S.2008/A.3008 TED Article VII Budget Bill - Part V

STAFF CONTACT :

Director of Government Affairs
518.465.7511

BILL

S.2008/A.3008 TED Article VII Budget Bill - Part V

SUBJECT

Expansion of the 18-a (1-a) Assessment

DATE

Oppose

The Business Council of the State of New York opposes Part V which would authorize the Department of Public Service (DPS) to assess public utilities (telephone, electric, water, and natural gas companies) and ultimately their customers for expenses of the Departments of Agriculture and Markets, Environmental Conservation, State, and the Office of Parks, Recreation and Historic Preservation.

Section 18-a (2)  of the Public Service Law (PSL) authorizes the DPS to assess public utilities for costs associated with administering Public Service Law programs.  In 2009, Public Service Law Section 18-a was restructured to end a practice of off-loading various agency costs on to utilities.

Specifically, the 2009-2010 Budget increased the permanent assessment from one-third of one percent to a full percent (Section 18-a (2)(G)) of a utility’s annual gross intrastate operating revenue.  The 2009-2010 Budget also included a new two-percent “temporary state energy and utility service conservation assessment”. The more famous temporary assessment was scheduled to expire in March of 2014. In 2013, after extensive negotiations, the final 2013-14 state budget included an extension of the assessment, but committed the state to a full phase-out of the temporary assessment scheduled by the aforementioned March 2017 date.  This budget does not extend the temporary assessment.

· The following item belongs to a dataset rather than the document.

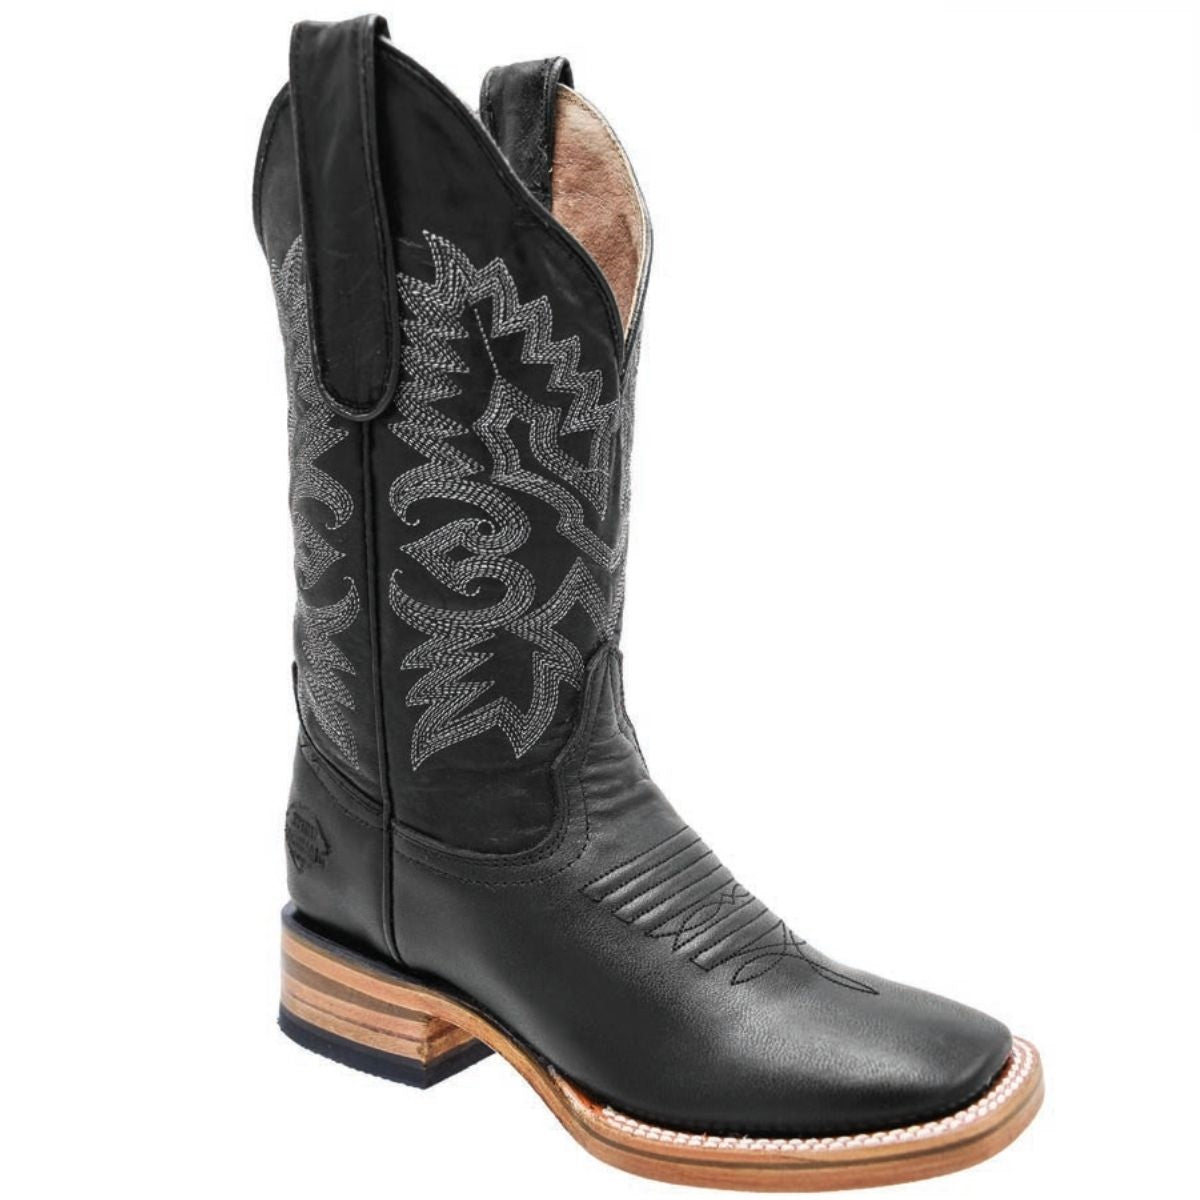 Botas Vaqueras TM-WD0506-506 - Western Boots

TED Part V would treat expenses of the Departments of Agriculture and Markets, Environmental Conservation, State, and the Office of Parks, Recreation and Historic Preservation as eligible expenses of utility assessment revenues making expenditures by those agencies a covered expense of the utility assessment revenues.  Each of the agencies would effectively be cap at the level of the proposed appropriation as follows:

Departments of Agriculture and Markets $435,000
Department of Environment Conservation $1,610,500
Department of State $808,000
Office of Parks, Recreation and Historic Preservation $97,000

 

The Business Council does not oppose the historic 18-a assessment which enables state regulators to recover their costs for regulating the various utilities (telephone, electric, water, and natural gas companies) they oversee. But the assessment should be reduced to its past level which was one-third of one percent.  The State should reject this expanding taxing mechanism and instead pay for general spending with general fund dollars.